Annie’s Book Stop of Worcester is very happy to shine our Friday spotlight on Romance author Julie Garwood. With more than 35 million books in print and 27 New York Times bestsellers, Julie Garwood has clearly earned a position among America’s favorite fiction writers. Her reputation as a masterful storyteller is solidly founded in her ability to deliver stories with appealing characters and powerful emotions. Readers claim that it’s the humor as well as the poignancy of her novels that keep them laughing, crying and thoroughly entertained.
Born and raised in Kansas City, Missouri, Ms. Garwood attributes much of her success to growing up in a large family of Irish heritage. “The Irish are great storytellers who relish getting all the details and nuances of every situation. Add in the fact that I was the sixth of seven children. Early in life I learned that self-expression had to be forceful, imaginative, and quick,” says Ms. Garwood.
Ms. Garwood began her writing career when the youngest of her three children entered school. After the publications of two young adult books, she turned her talents to historical fiction. Her first novel, Gentle Warrior, was published by Pocket Books in 1985. Today her name appears regularly on the bestseller lists of every major publication in the country, and her books are translated into dozens of languages around the world. Her bestselling novel For the Roses was adapted for the Hallmark Hall of Fame television movie Rose Hill.
Ms. Garwood lives in Leawood, Kansas, and is currently working on her next novel.
We asked Julie where people can find her work (Besides Annie’s Book Stop of Worcester –though they should totally check here first!)

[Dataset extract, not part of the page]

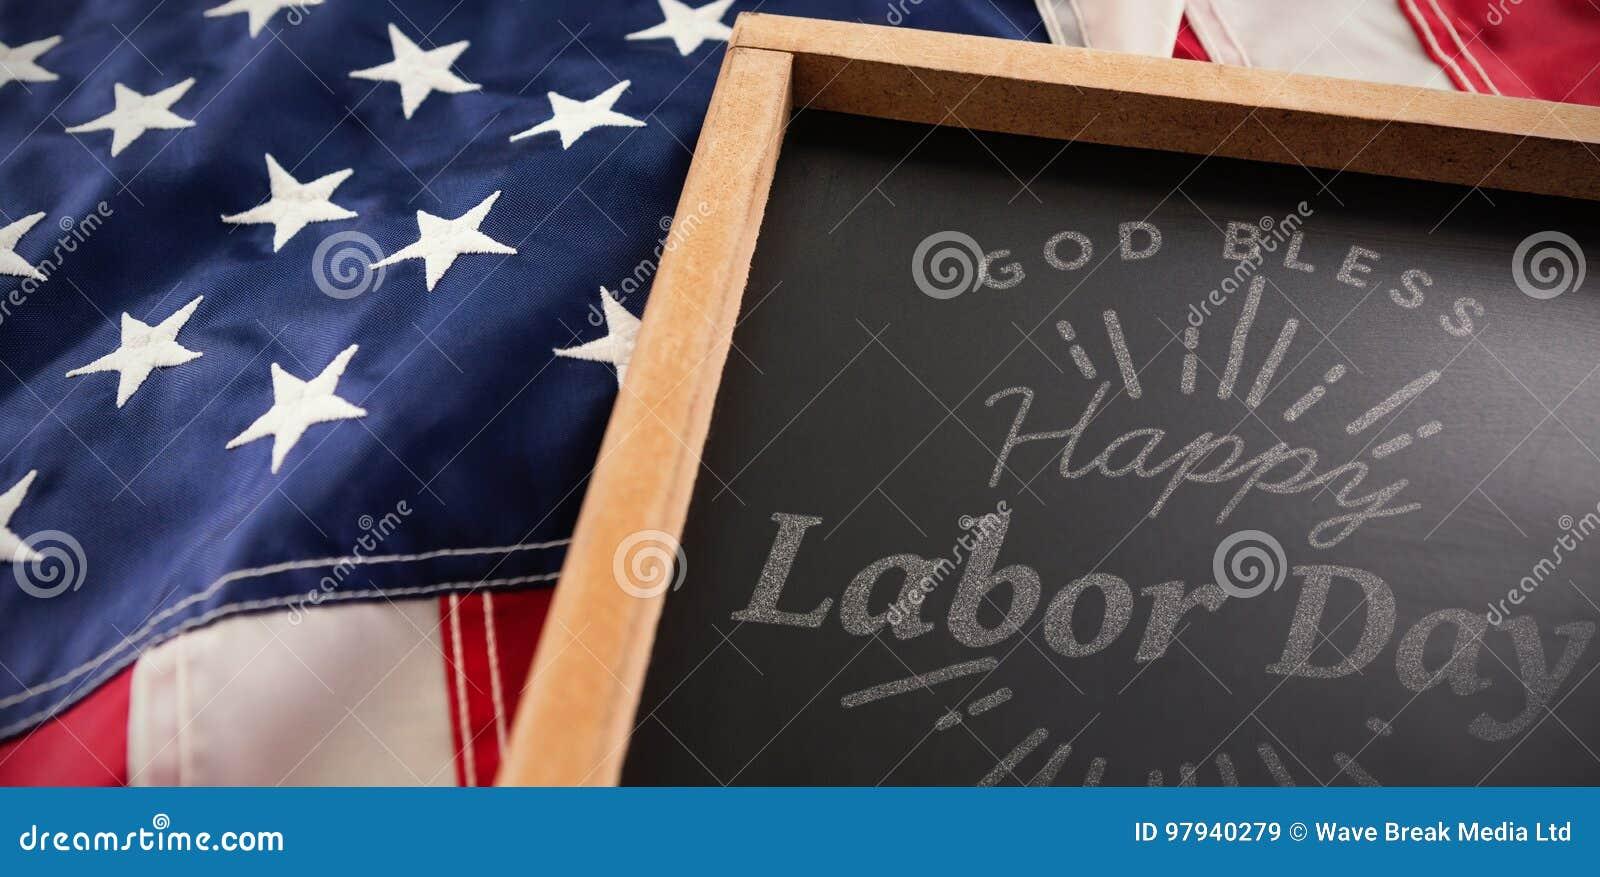 Η σύνθετη εικόνα της ψηφιακής σύνθετης εικόνας της ευτυχούς Εργατικής Ημέρας και ο Θεός ευλογούν το κείμενο της Αμερικής

My books are in most bookstores and online. They’re also available as audio books, and they have been translated into dozens of languages around the world.
How can we follow your work and share your awesomeness?
For readers unfamiliar with your work, how would you describe what you write? What can readers expect from Wired?
I began my career writing historical romance, but in the last several years I’ve been writing contemporary romantic suspense novels. I’ve loved both. Though they’re different genres, you’ll find similar subjects in my stories. I like to create plots where characters face a problem or a bad situation that they have to overcome through their own wit and determination. My themes are pretty consistent: family bonds, loyalty, love. I also try to add in a good dash of humor. In Wired, the same themes are there, but there’s a twist in the family connections. The heroine’s parents are deceased, and the aunt and uncle who raised her are pretty despicable people. Nevertheless, she does her best to be a good and loyal niece. In the end, she learns that loyalty has to be earned.
What was the inspiration for Wired? What were the steps you took to bring it from initial inspiration to the finished book?
On the news there had been several accounts of hackers and computer theft, and I thought the idea of computer crime would make a good jumping off point for a book. Most of my stories begin with one scene that plays out in my mind. In the case of Wired, I saw a young woman sitting in a coffee shop working on her laptop when a television newscast catches her attention. The reporter tells of a group of elderly people who have been robbed of their savings by a computer hacker. The young woman is outraged for the victims, and since she knows she has the skill to help, she decides to take action.
From that single scene characters began to take shape and the story unfolded. I had to find out who she was, what challenges she was facing, and of course, who she would meet along the way that would win her heart.
What draws you to the particular genre or style that you write? What do you think draws readers to these kinds of books?
By far, I think the biggest draw to any category of romance novels is the happy ending. Anywhere you look today, you can find bad news. When I write my books, I can create my own reality where the good guy wins and the bad guy gets what’s coming to him.
What piece of advice would you want to share with other writers?
When aspiring writers ask me for advice, I tell them three things. First, write what you enjoy and have fun with it. If you’re not loving the process, it will show. Second, let your voice come through. Readers will take the journey with you if they can hear you telling them the story. Third, set aside some time each and every day to write. It takes discipline to finish a book, and routine will help with that. When I began, my children were young, and the only quiet time I had was early in the morning before they got up. That was my writing time.
How important has the New England setting been to your writing?
I live in the Midwest, but since I love Boston, I made it the setting for Wired. It’s also the setting for the book I’m working on now. The title is Grace Under Fire, and I hope to have it out in a few months.
Thanks so much for taking the time out of your busy day to be with us today, Julie! Perhaps if you come to Boston you can drop by our store – We’re about an hour away!